Sometimes when things in life have you down and you are really struggling, it's a good time to really stop as much as you can and be still. being still helps to center you, helps you to find time to really think about things and even pray.

i've spent a good deal of my last couple of months being still. Kneeling in the quiet of my house, head down, palms up - just thinking, praying and trying to come out of the depth of that UGH place i was in.

One thing i realized...no, more than one but one thing that stood out to me is that i'm pretty sure that i like myself. i'm not perfect and i have some rough edges that need to be worn away (one tends to get those when you live alone) but the real inside me - she's really an ok gal.

And ya know - when things are tough, when life is throwing more curve balls than you can catch - liking yourself is a really good thing...in my opinion. Now this is not a puffed up I'm better than you kinda like, it' s just realizing who i am - who the girl is who chooses to kneel, naked, quiet, still. And that girl is a genuine one - she is not going to play games but neither is she going tso be played with (well...she IS but you know what i mean! LOL). she is kind(mostly), she is compassionate, she has a fire inside of her that's yet to be released. she has wishes and dreams that are not yet met but has hope that maybe some of them will be someday. she has so much love to give and when someone comes along who will allow her to love Him, she will do so with abandon. she is learning to hold those she loves loosely in the palm of her hand, not gripping the life out of them. she is learning to let go when they want to leave. she is girly -sometimes a very little girl on the inside and sometimes longs for a "Daddy" to care for her, she is also a fierce soul who needs a heavy hand with a gentle heart. she is definitely submissive. she is a woman. she loves to dress and act like a woman and loves it when Men act like Men.

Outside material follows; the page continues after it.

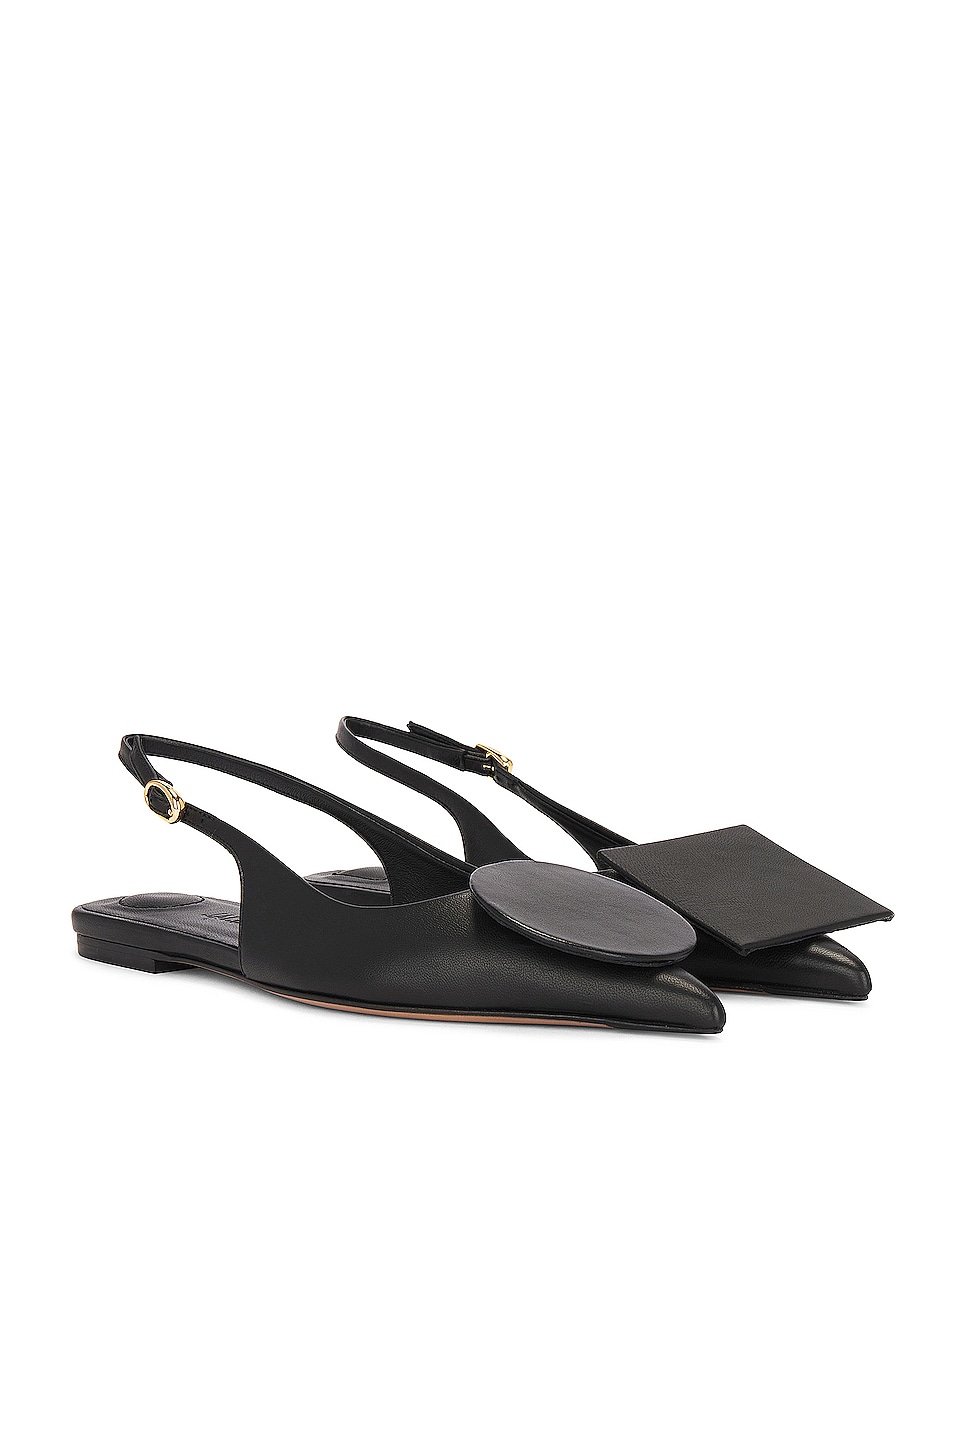 Image 1 of JACQUEMUS Les Slingbacks Duelo P in Black

And when things are really bleak, she is learning to lean heavily on God- giving Him the reins in her life, giving Him the glory when things go right and being very thankful that even though she is alone so much of the time, God is always near.

Life is a funny thing. If you would've asked me when i was 18 if i'd be a single, childless woman close to 40 and not exactly doing what i think i was created to do, i would've laughed at you and told you no way. but as i mature, i am seeing that i still have those wide-eyed dreams-they've just changed a bit now. -

4 Comments:

Anonymous no address mAN said...

Hi,
You interest me. I feel you'd be a fine servant.

15 November, 2008 05:14  
OpenID catme said...

just saying hi

cathy

19 November, 2008 00:16  
Anonymous M:e said...

Hi sweety

You have no idea how much I can identify with much of this. I too have needed, and have been encouraged, to be a little more quiet and still, and to take a stock take of what I want as I move forward in my life.

Life often has a way from turning out very differently from the way we thought it would. The trick is to find the gift in what we've been given.

There's a lovely quote by Mother Teresa in which she's reported to have said:

"I do believe God never gives us more than we can bear.....I just wish he didn't trust me so much". Can't tell you how many times in my life I could have echoed that.

Sending you lots of love and a big cuddle.

xxx

19 November, 2008 10:39  
Anonymous Egghead said...

No Address Man,

I think it may take a bit more of an effort than that.